2023.12.29 ON AIR

朝ドラで話題の音楽「ブギ・ウギ」ってなんだろうvol.3

ON AIR LIST
1.It’s All Right Baby/Big Joe Turner & Pete Johnson
2.Boogie Woogie Country Girl/Big Joe Turner
3.Choo-Choo Ch’ Boogie/Louis Jordan
4.Ain’t That Just Like a Woman (They’ll Do It Every Time)/Louis Jordan
5.Guitar Boogie/Les Paul And His Trio

今年最後の放送です。
NHKTVの朝ドラ「ブギウギ」をやっているのでブギウギの特集を連続でやっているのですが、ドラマも佳境に入ってきましたね。
今回はブギウギ特集の3回目。
先々週聴いてもらったピート・ジョンソン、アルバート・アモンズ、ミード・ルクス・ルイスの3人のピアニストが有名プロデューサー、ジョン・ハモンド主催のコンサート「フロム・スピリチュアルズ・トゥ・スイング」でブギ・ピアノを披露したことで白人層にもブギが人気となり一大ブギ・ブームになりました。
その「フロム・スピリチュアルズ・トゥ・スイング」にピート・ジョンソンと出演したシンガー、ジョー・ターナーもブギウギのブームの中で有名になっていったシンガーです。元々はジャズ・クラブのバーテンダーをやっていて「歌うバーテンダー」なんて呼ばれていたらしいです。
ではまず、その1938年の「フロム・スピリチュアルズ・トゥ・スイング」のライヴ録音からピート・ジョンソンとジョー・ターナーがデュオでやっているブギの曲です。体がデカかったのでビッグ・ジョー・ターナーと呼ばれていました。1938年の録音で録音状態はあまり良くないですが聞いてください。

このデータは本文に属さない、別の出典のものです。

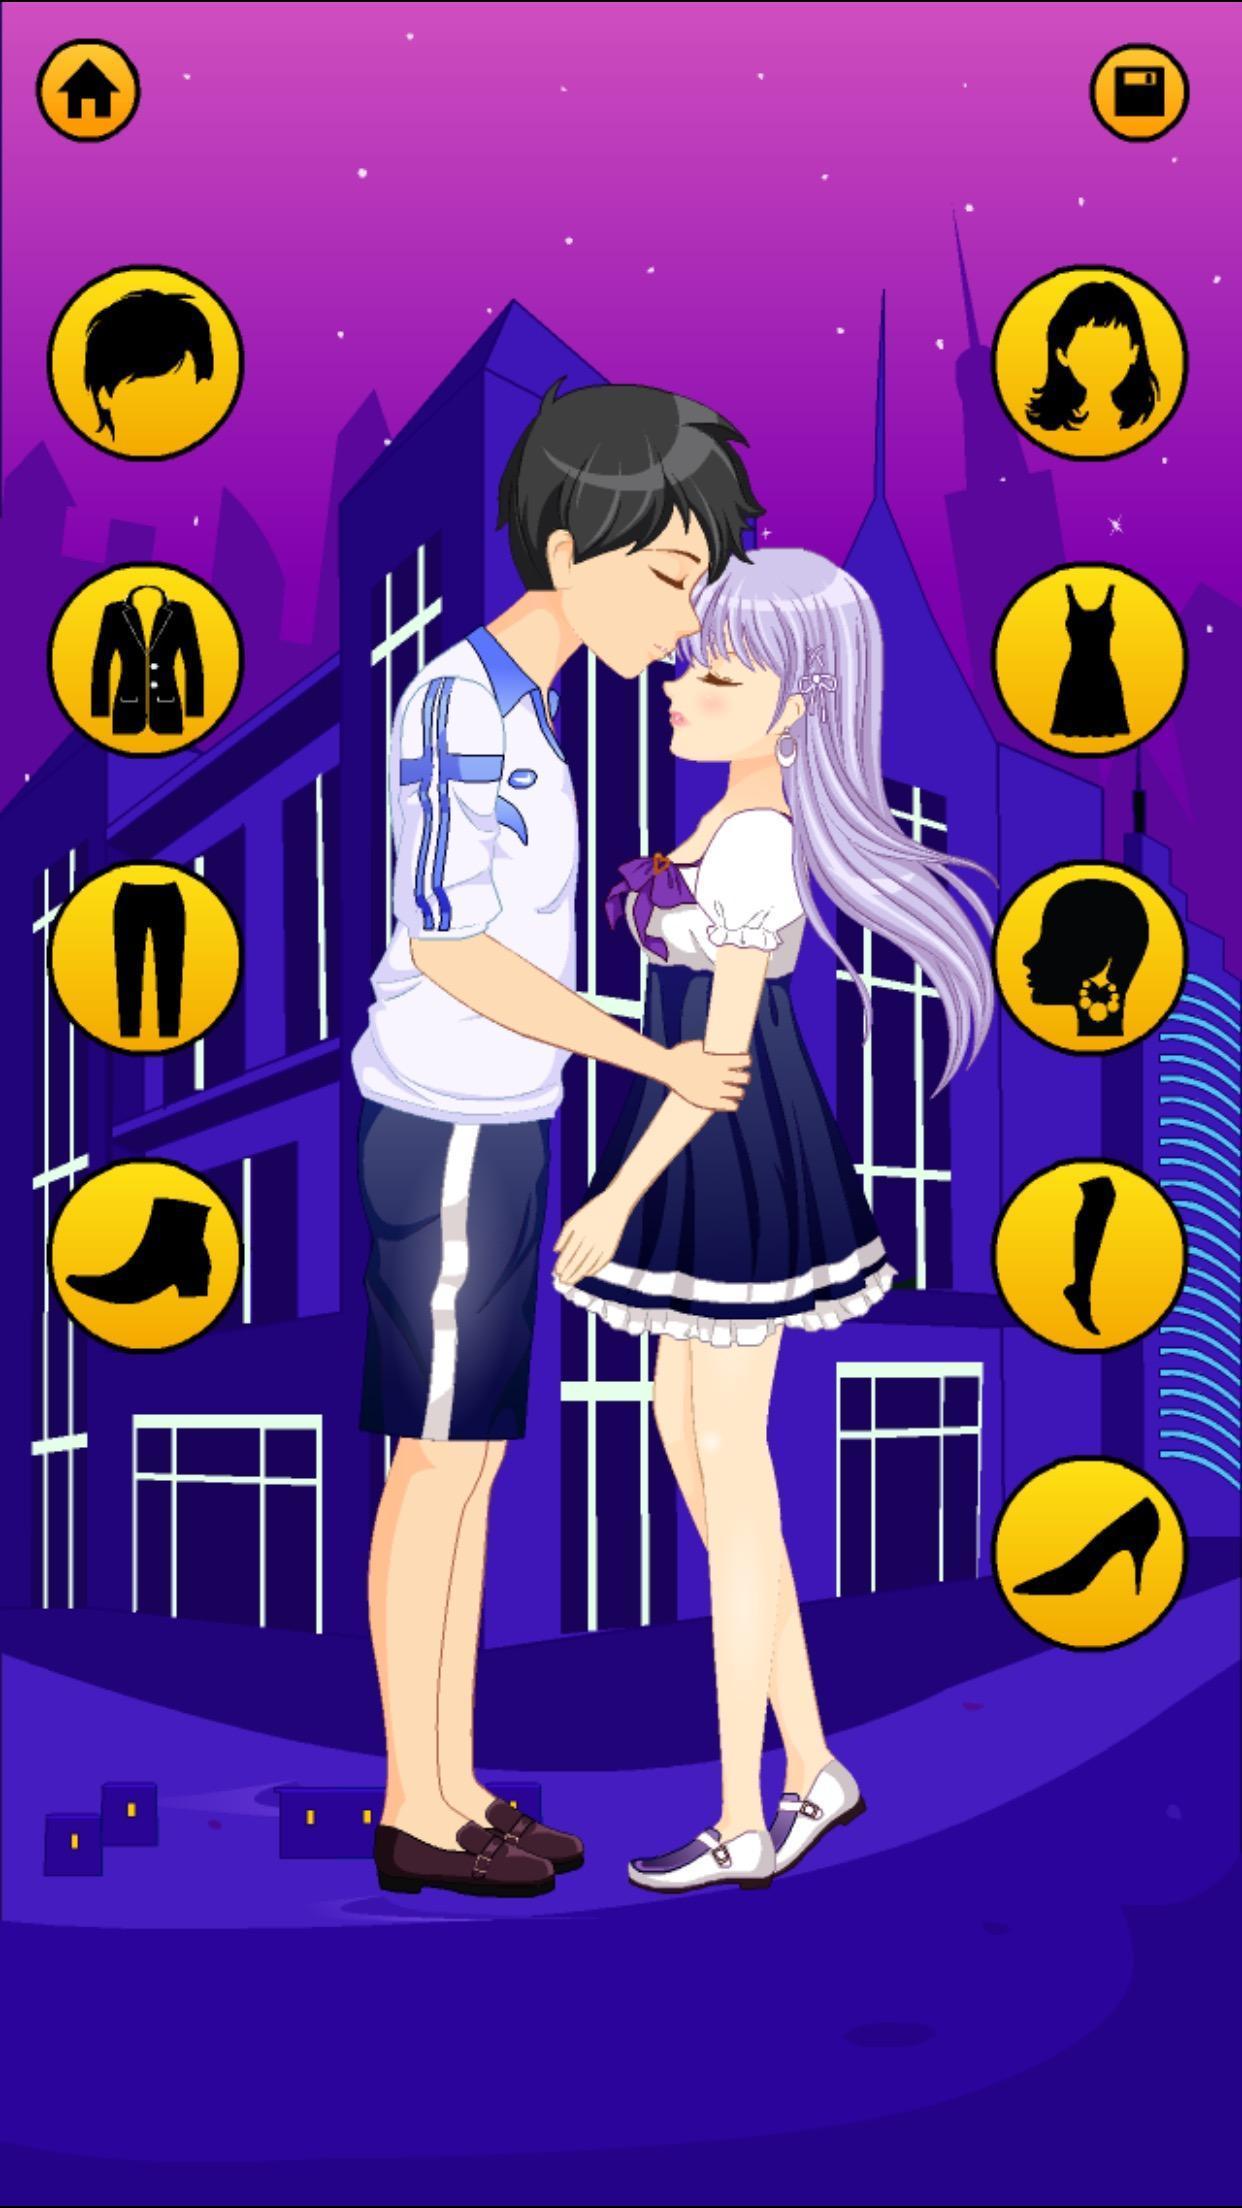 Anime Dress Up Games For Girls - Couple Love Kiss 3.3 Screenshot 3

1.It’s All Right Baby/Big Joe Turner & Pete Johnson

ビッグ・ジョー・ターナーはジャズ・シンガーでもありR&Bシンガーでもあり、R&Rシンガーとも呼ばれ、かなり長く歌手として成功した人ですが、彼が歌っている感じは全くいつの時代も変わっていません。つまり、ブギというリズムが少し形を変えていつの時代にもあったからだと思います。いまの曲から20年近く経った1955年、ロックロールが人気の頃にも彼はブギウギと名のついた曲を歌ってヒットを出しています。

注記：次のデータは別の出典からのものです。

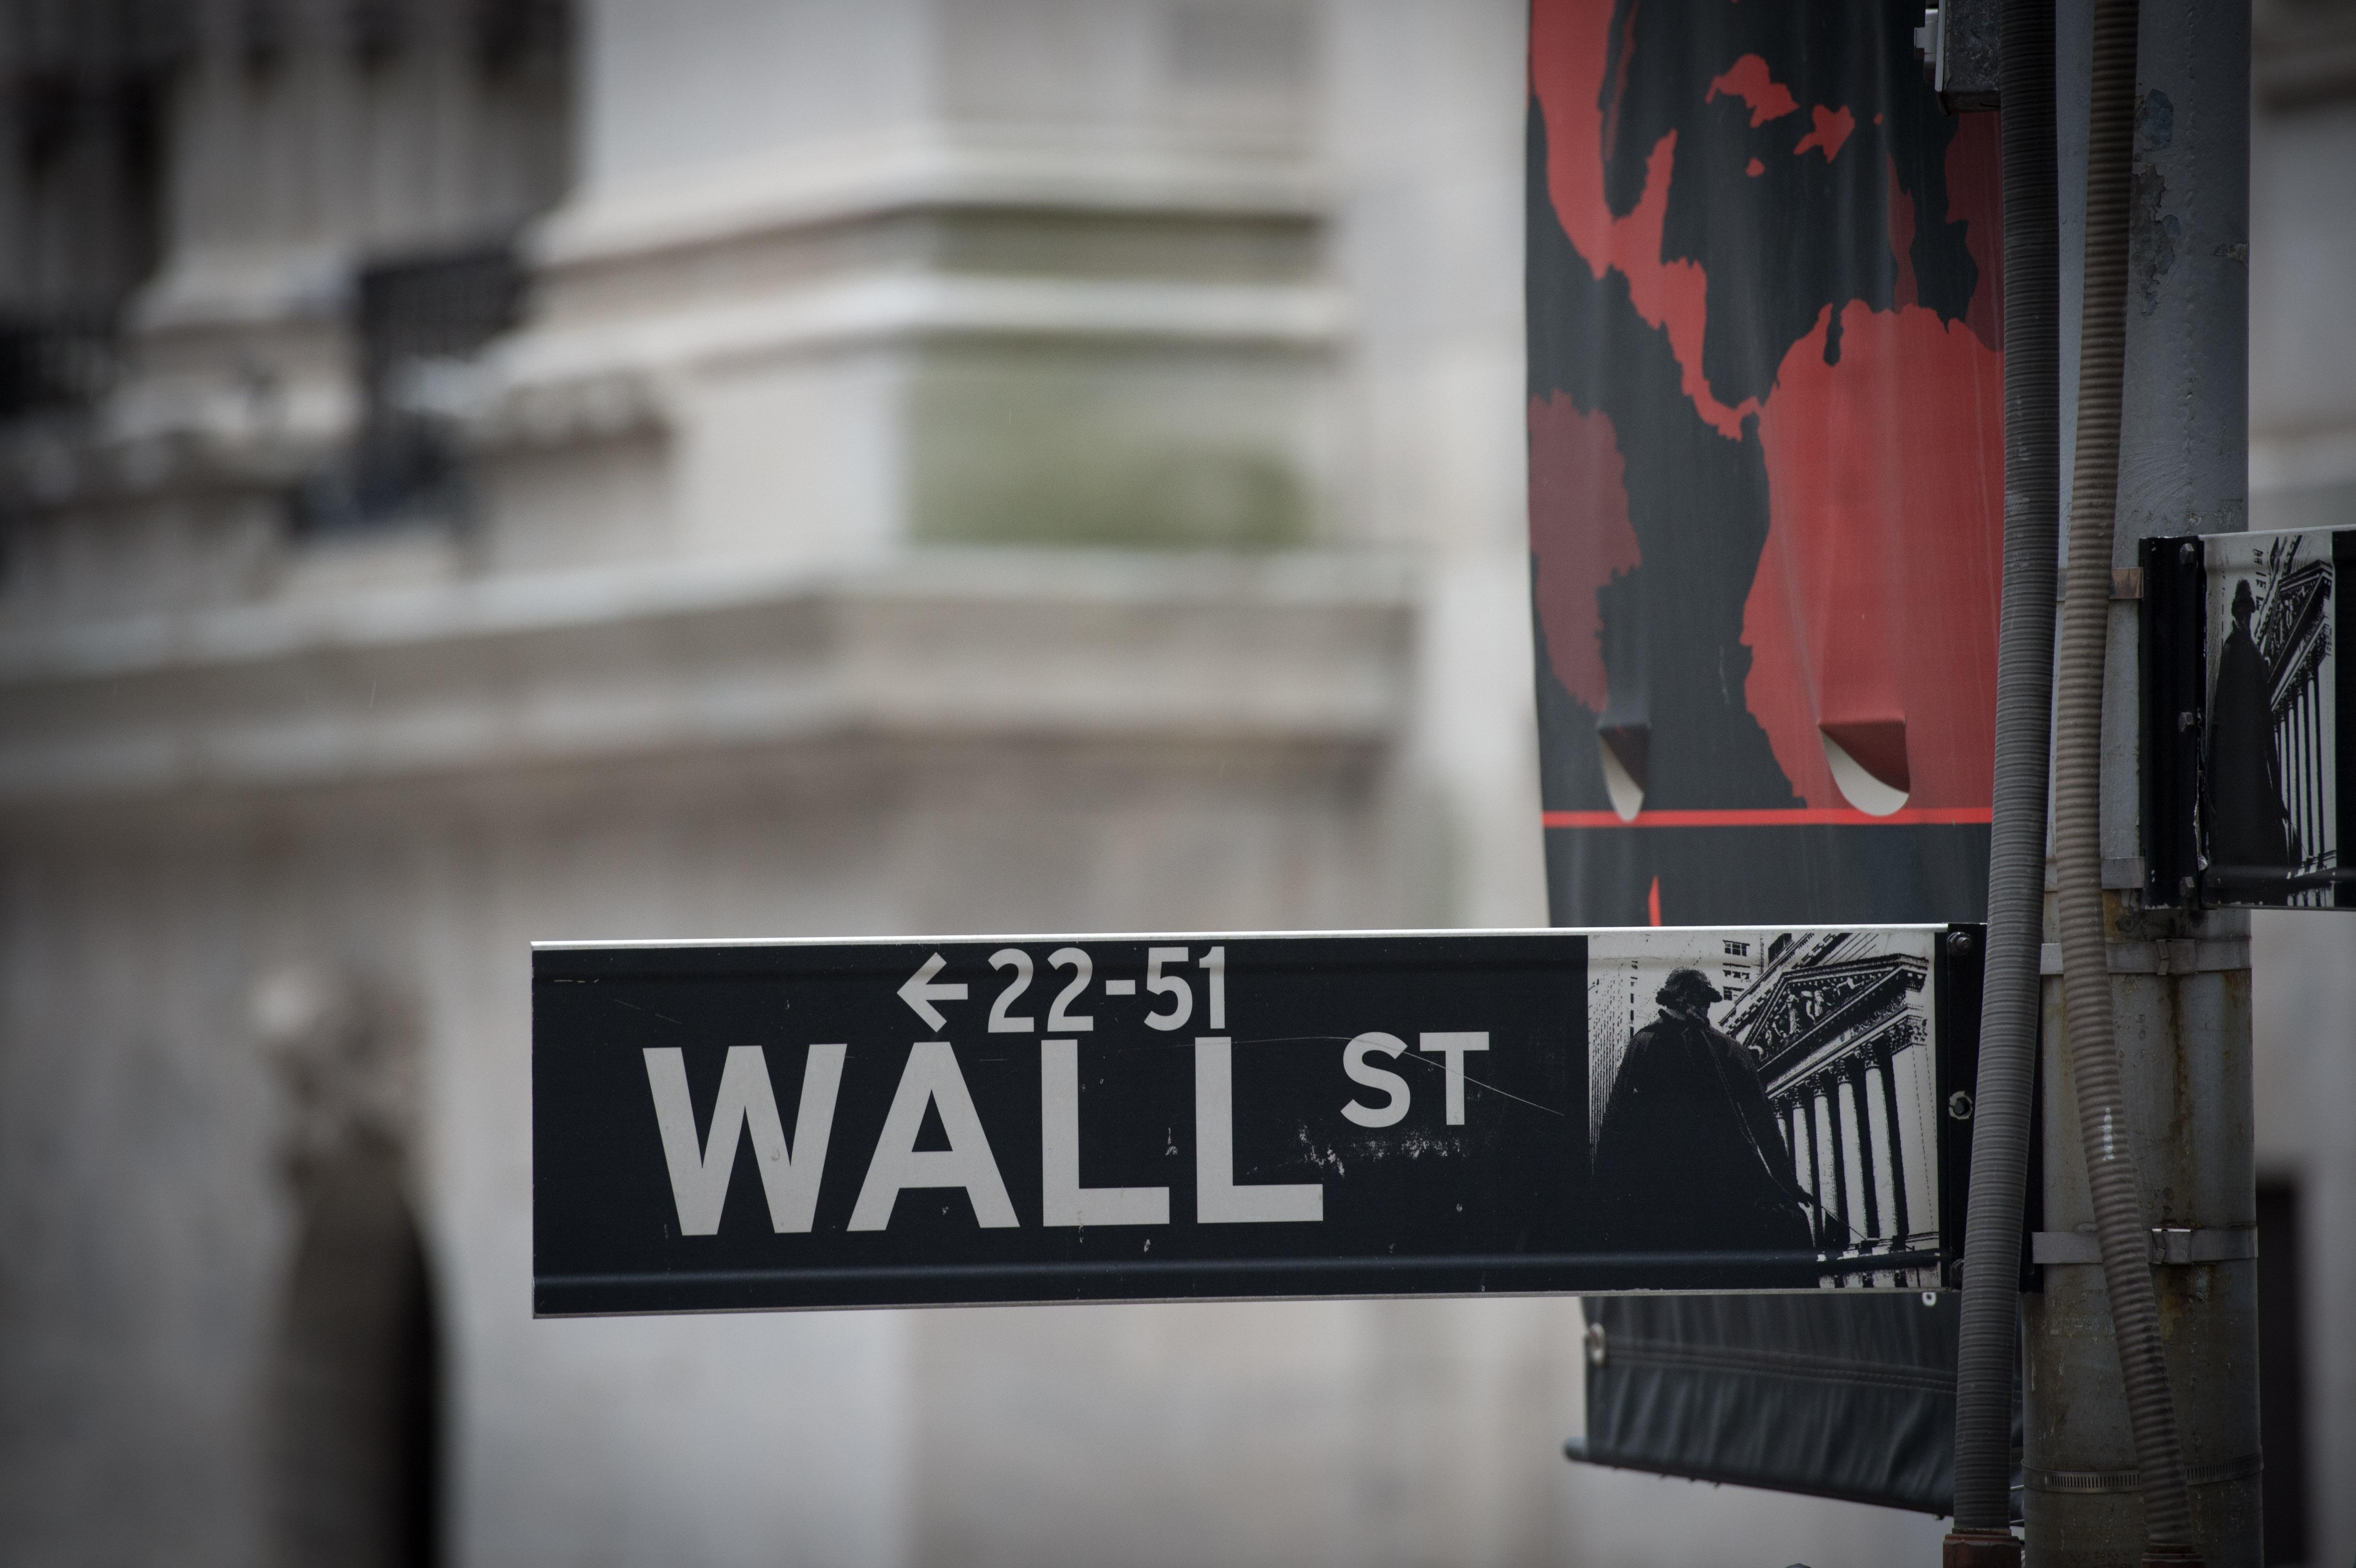 Wall street edge цены акций сбербанка

2.Boogie Woogie Country Girl/Big Joe Turner

ブギウギが少しずつ形を変えて50年代にR&Bやロックンロールになっていくのですが、その前40年代に現れたのがルイ・ジョーダンです。
ルイ・ジョーダンによって「ジャンプ・ブルーズ」と呼ばれる、後のR&RやR&Bの原型なる音楽が作られていくことになります。ルイ・ジョーダンはもともと「チック・ウエブ・オーケストラ」というジャズ・オーケストラでサックスを吹いていたのですが、大人数のオーケストラではなく7.8人編成の自分のコンボを作りコミカルな歌詞の曲でたくさんヒットを出しました。40年代の大スターでB.B.キングもチャック・ベリーも憧れ、B.B.は晩年ルイのトリビュート・アルバムもリリースしてます。そしてチャック・ベリーのノベルティな歌詞は実はこのルイ・ジョーダンの影響でもあります。
では、ルイ・ジョーダンのブギと名のつく最も有名なヒット曲、1946年に18週間R&Bチャートの1位に輝いた不朽の名作。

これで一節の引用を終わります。